Adil bir nizam içinde yaşamak, ancak yüce Allah’ın kanunlarını hayatımıza nakş etmekle mümkün olur. Kim ki bu mizana göre hayatına yön verir ise, bu dünyadaki yaşam sebebi olan hayatı imtihaniyesini başarıyla vermiş olur. Kim de Şeriat-ı İlâhiyeden kaçarsa veya çirkefleşerek dil uzatırsa, yada sırf canı yandığında Allah Allah deyip münafıklık yaparak bildiğini okursa, işte o zaman vay onun haline denir. Eğer bugün bu güzelim ülkede bir Narin vakası yaşanıyorsa, buda ne kadar vahşileştiğimizin ve Allah’ın adaletinden uzaklaştığımızın göstergesidir...
Ey insanoğlu, eğer gerçekten bu idam talebinizde samimi ve dürüst iseniz, o zaman bir referandum yapılsın ve sorulsun mevcut sistem ile iflas eden bir beşeri yasa ile mi devam edilsin, yoksa her yönüyle donanmış bir Şeriat-ı İlahiye ile mi yönetilmeyi istersin. Çünkü o bahse konu olan kısas olayı bir tek olmadığı ve tamamı Kur’an ve Sünnet olduğunuda hatırlatmak isterim. Eğer o hükümlerin tamamı yasalaşırsa, işte o zaman idamında bir ehemmiyeti olur. Aksi halde çıkacak olan idam maddesi de suiistimal edilir...

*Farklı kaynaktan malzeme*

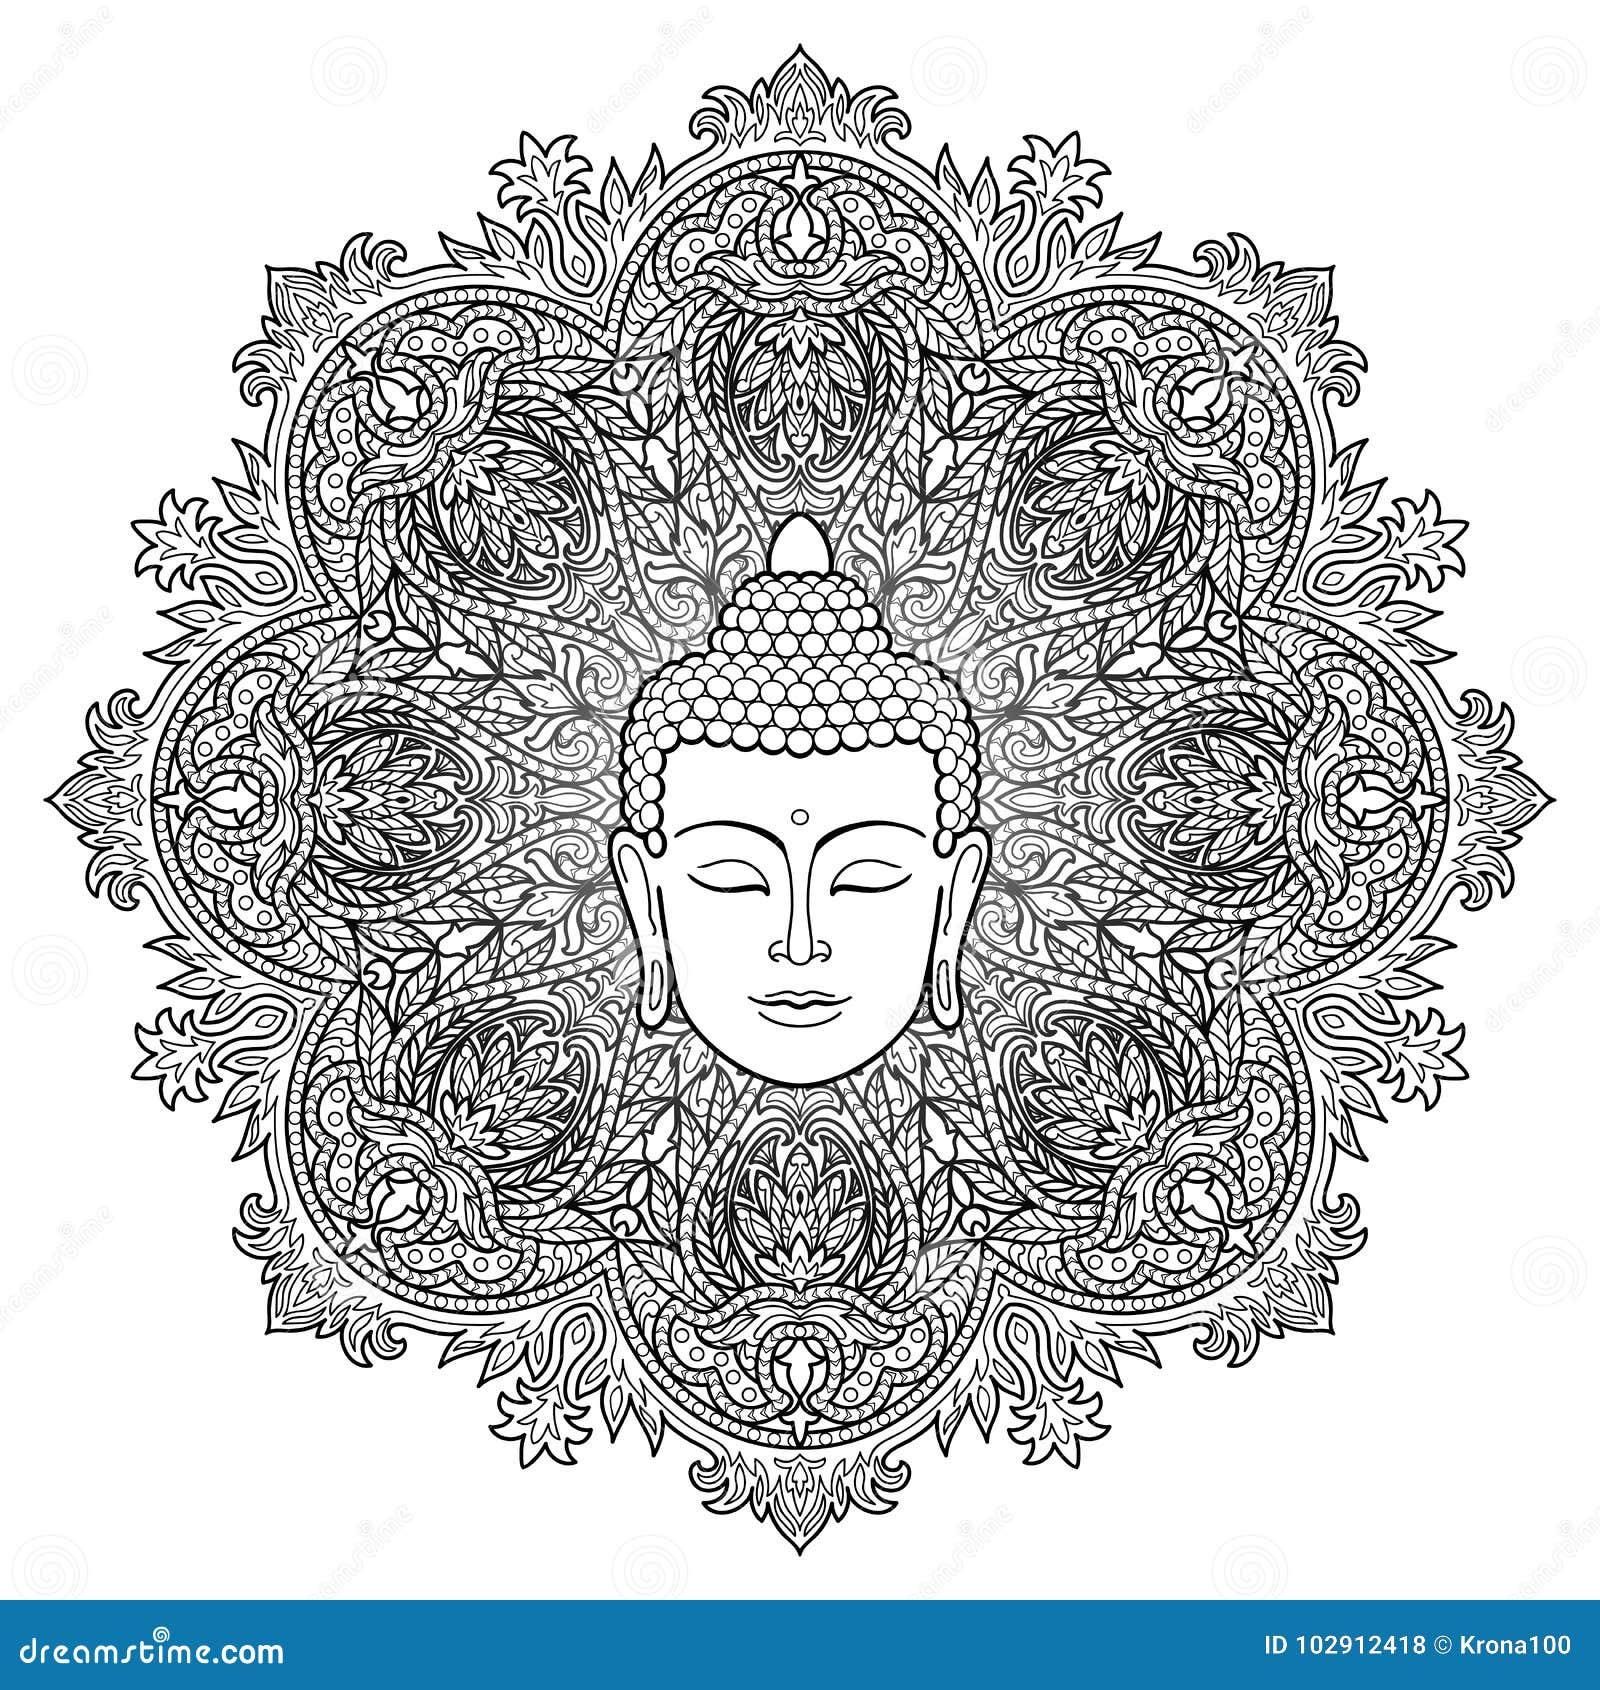 Buddha Mandala Coloring Page Stock Vector - Illustration of black ...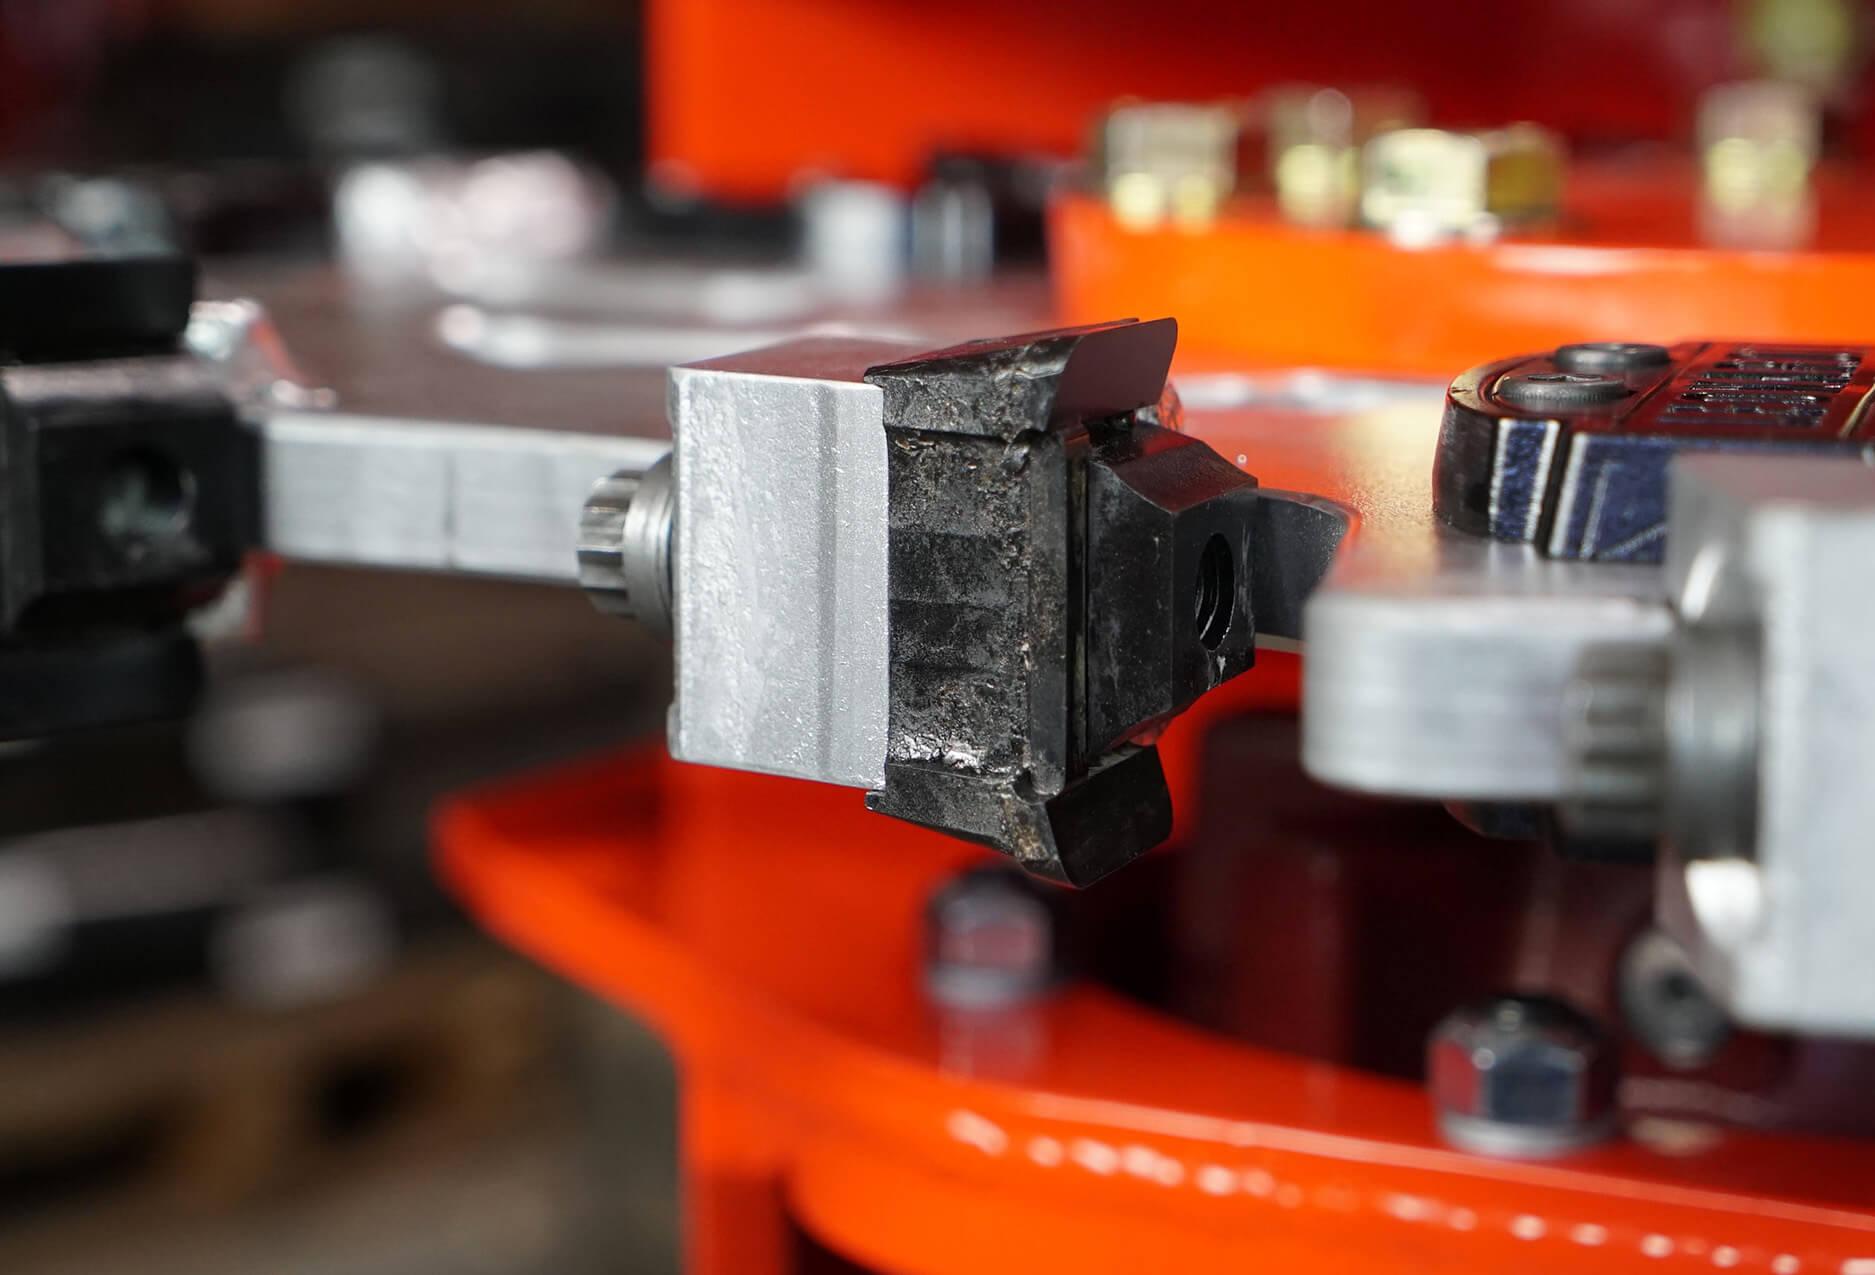 Vortex Skid Steer stump grinder teeth

Allah’ın azametinden ve gazabından korkmayanlar, her türlü fenalığı ve azgınlığı kendine hak sayarlar. Bu vicdansızlar bugün küçük Narin'in canına kast ettiler, yarın da böyle bir vakanın aynısı veya bir başka benzerinin senin kapında veya benim kapıda olmayacağını nerden bilebiliriz? Oysaki Cenabı Allah insanoğlunu yaratırken, bütün mahlukattan ayrı kılacak şekilde en büyük güzelliklerle donatıp paha biçilemeyen zenginliklere bürüdü. Bu zenginlikleri algılayabilmemiz için de müçtehitler, müfessirler, alimler ve evliyaları beşeri alemden halk etti...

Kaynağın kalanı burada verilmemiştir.